O Espelho
Ana observava seu reflexo no
espelho do quarto há alguns minutos naquela ensolarada manhã fria de inverno. Lá
fora tudo era movimento. Um gato pardo caminhava sobre os muros verdes da casa
onde algumas flores teimosas ainda resistiam agarradas às trepadeiras que
cobriam o acinzentado cimento do qual o muro era feito. Um pássaro cantava na
mangueira sem frutos e podiam ser adivinhados os pensamentos famintos do gato. Na
rua alguns meninos brincavam com uma bola, e João escrevia no jardim.
Apenas Ana estava estática por
instantes naquele dia claro e pacato que contrastava agudamente com o pavor que
nela instalara-se. Naquela manhã Ana acordou e percebeu que não se reconhecia
mais no espelho. Aquela mulher que a sua frente cismava não era ela. Tudo nela parecia
distinto do que fora na noite anterior e, por mais que ela buscasse compreender
o que via a sua frente, na verdade não o podia fazer. Quando ocorrera tal
mudança? João terá notado tal transformação silenciosa? Ela pensava.
Aqueles olhos não eram os seus,
como não era sua aquela boca muda e sem clara definição na porção inferior da
face. O nariz crescera, os olhos diminuíram e o queixo tinha perdido o seu ar
de quem tudo sabia; decidido e cheio de autoridade. Tudo naquela face parecia
para Ana uma mancha indefinida que se diluía n’água enquanto ela a fitava. Aquele
rosto era uma massa mal esculpida e pouco, quase nada, refletia a face que a
ela pertencia.
Depois de alguns minutos
paralisada, angustiada, Ana inclinou-se para limpar o espelho com a manga da
blusa de seu pijama azul turquesa. Ele estava sujo. Ele deveria estar sujo. Sim,
pensava ela, a sujeira causou tal deformação e enganou aos meus olhos míopes e sonolentos.

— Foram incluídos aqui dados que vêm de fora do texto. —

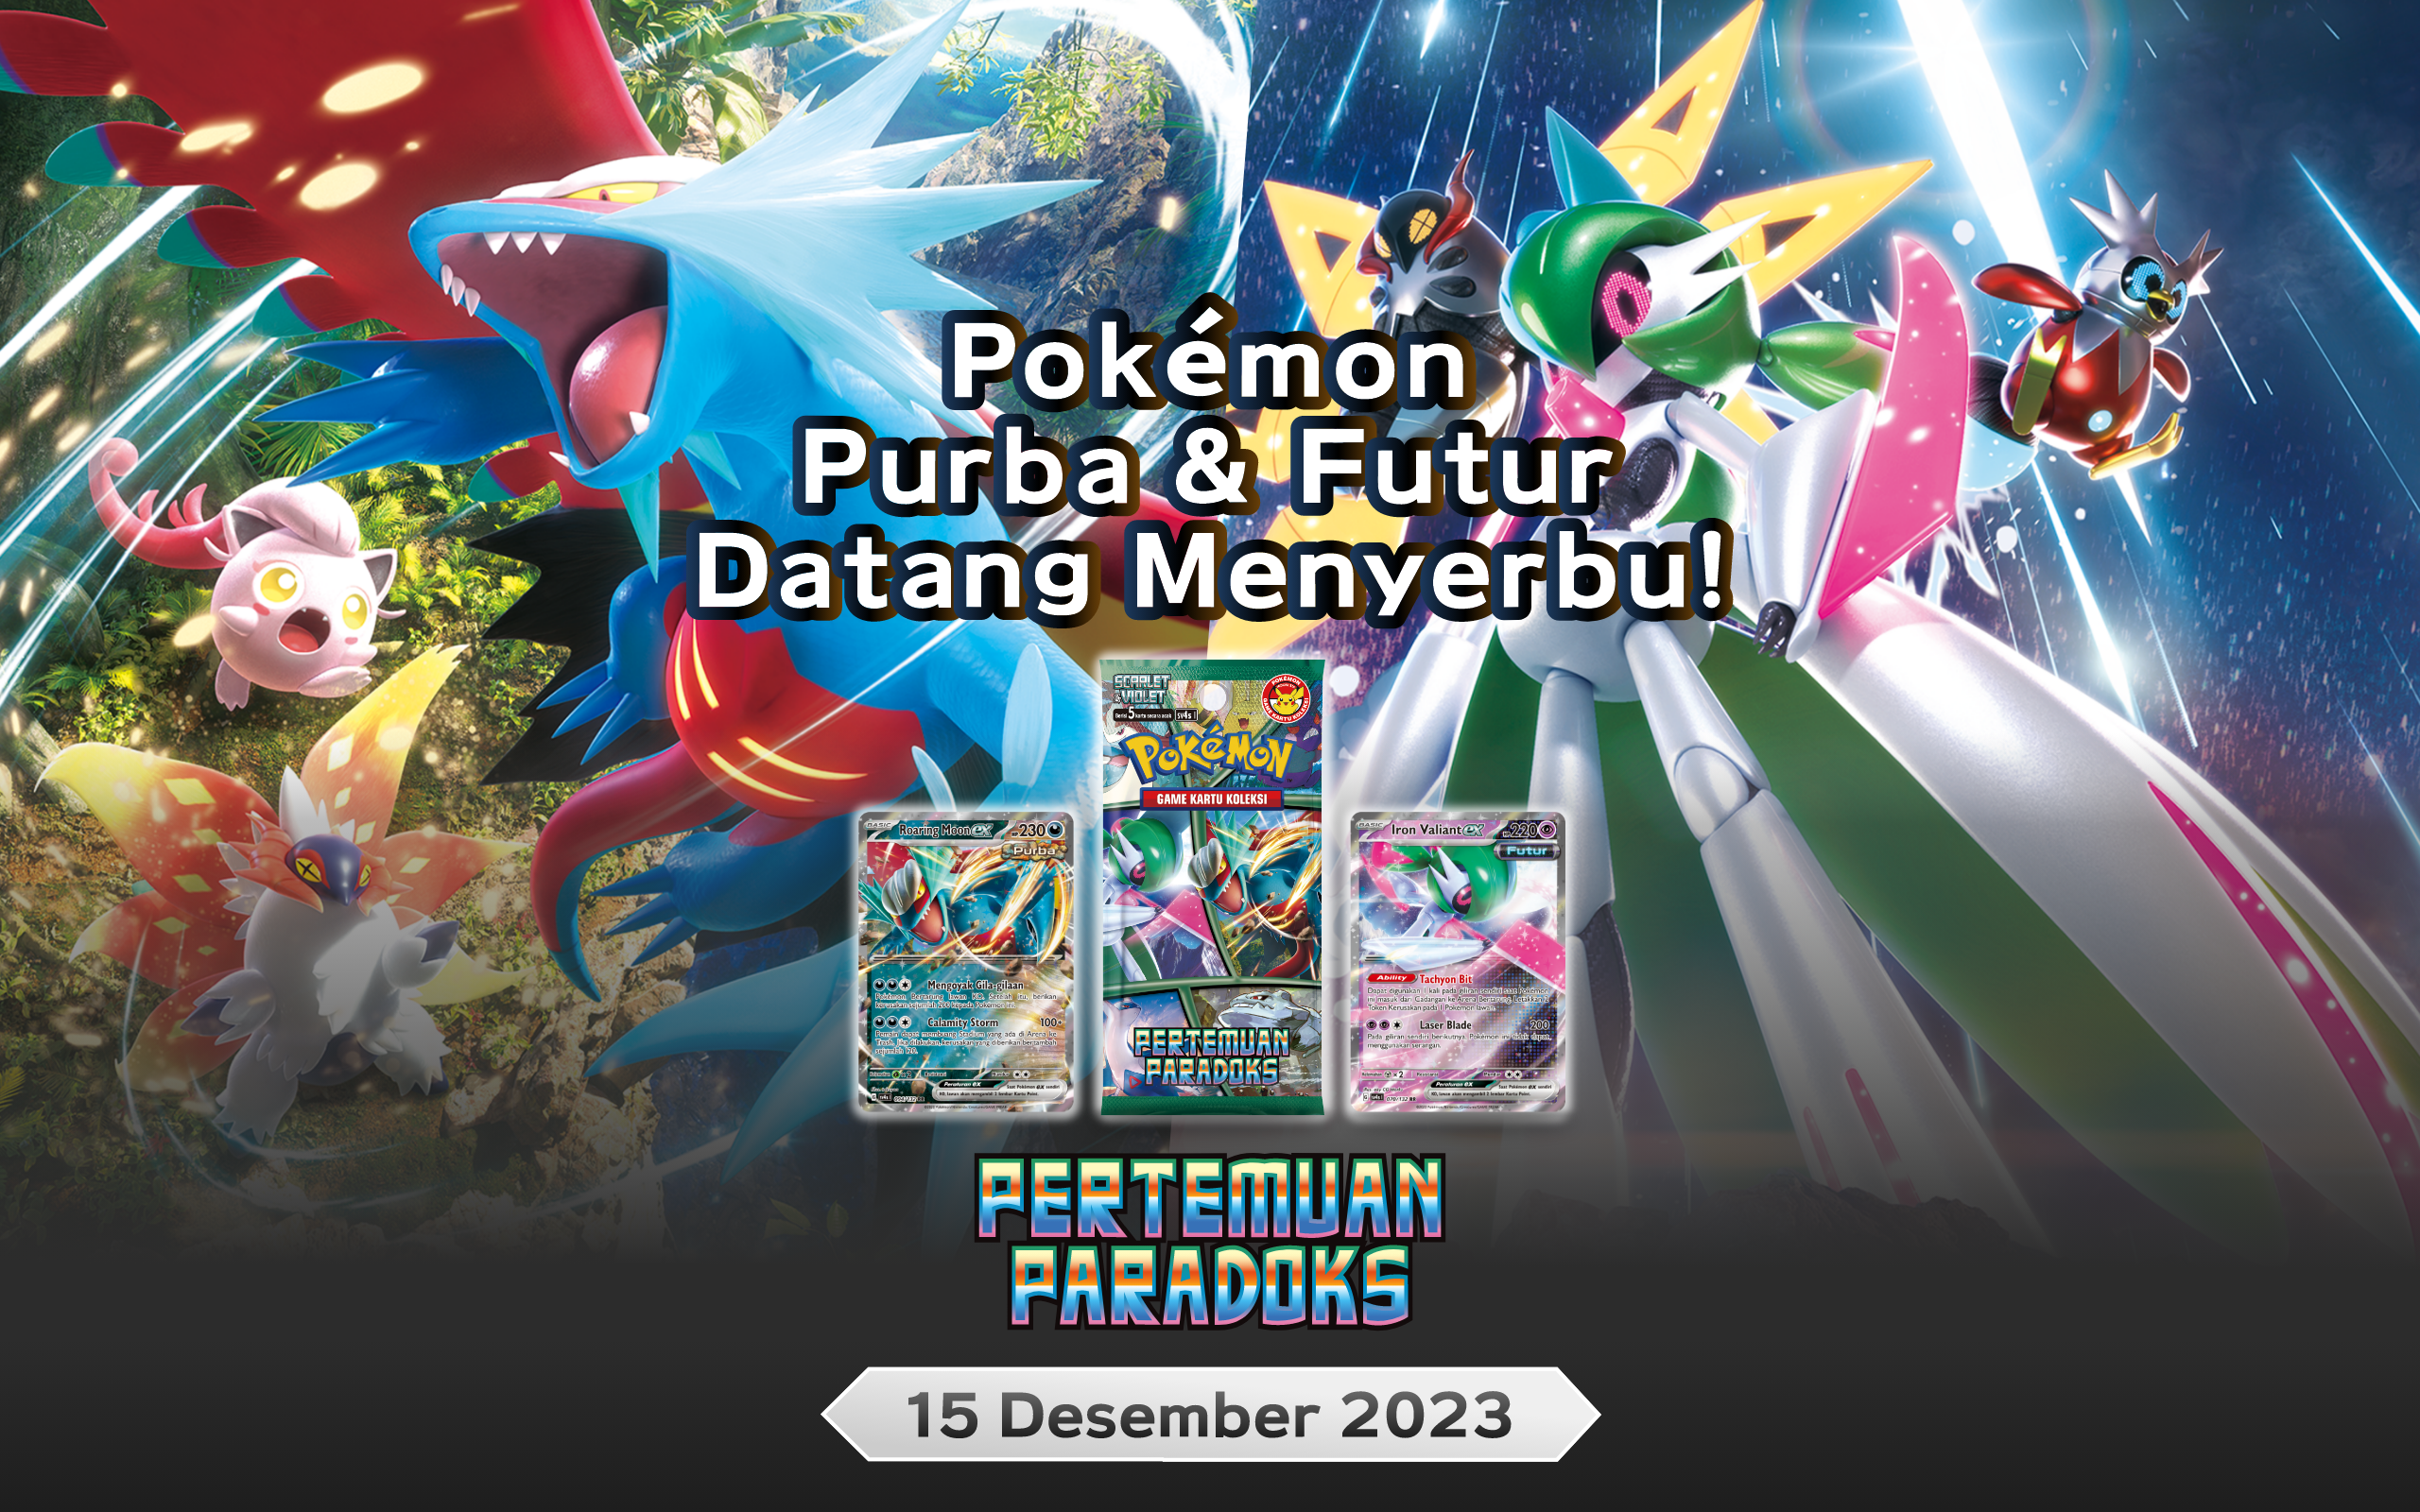 Pokémon Purba & Futur Datang Menyerbu!

Afinal, nenhuma transformação profunda como essa ocorreria da noite para o dia.
Nenhuma.
Ana limpou a superfície do
espelho com calma e dedicação. Lenta e suavemente, quase com carinho, ela
passava o tecido que cobria seu antebraço sobre o espelho. Certa de que aquela ação a tudo mudaria, Ana
dedicava-se com atenção ao ato que traria de volta o rosto que sempre havia
sido seu. O rosto que ela tão bem conhecia e que a agradava apesar de não ser
mais bonito do que a maioria de todos os rostos que por ela haviam passado durante
a vida. Não importava para ela a beleza ou a falta dela em seu rosto. Importava-a
o fato de que nele, e apenas nele, ela era capaz de reconhecer-se.
Ana sentou-se novamente de olhos
postados ao chão; quase fechados. Respirou com calma por dez vezes como fazia
para baixar o ritmo do coração depois de uma corrida e olhou-se mais uma vez no
espelho. João entrou no quarto e sorriu para ela com um doce bom dia dito sem
aflições. Ana virou-se de costas para o espelho e sorriu.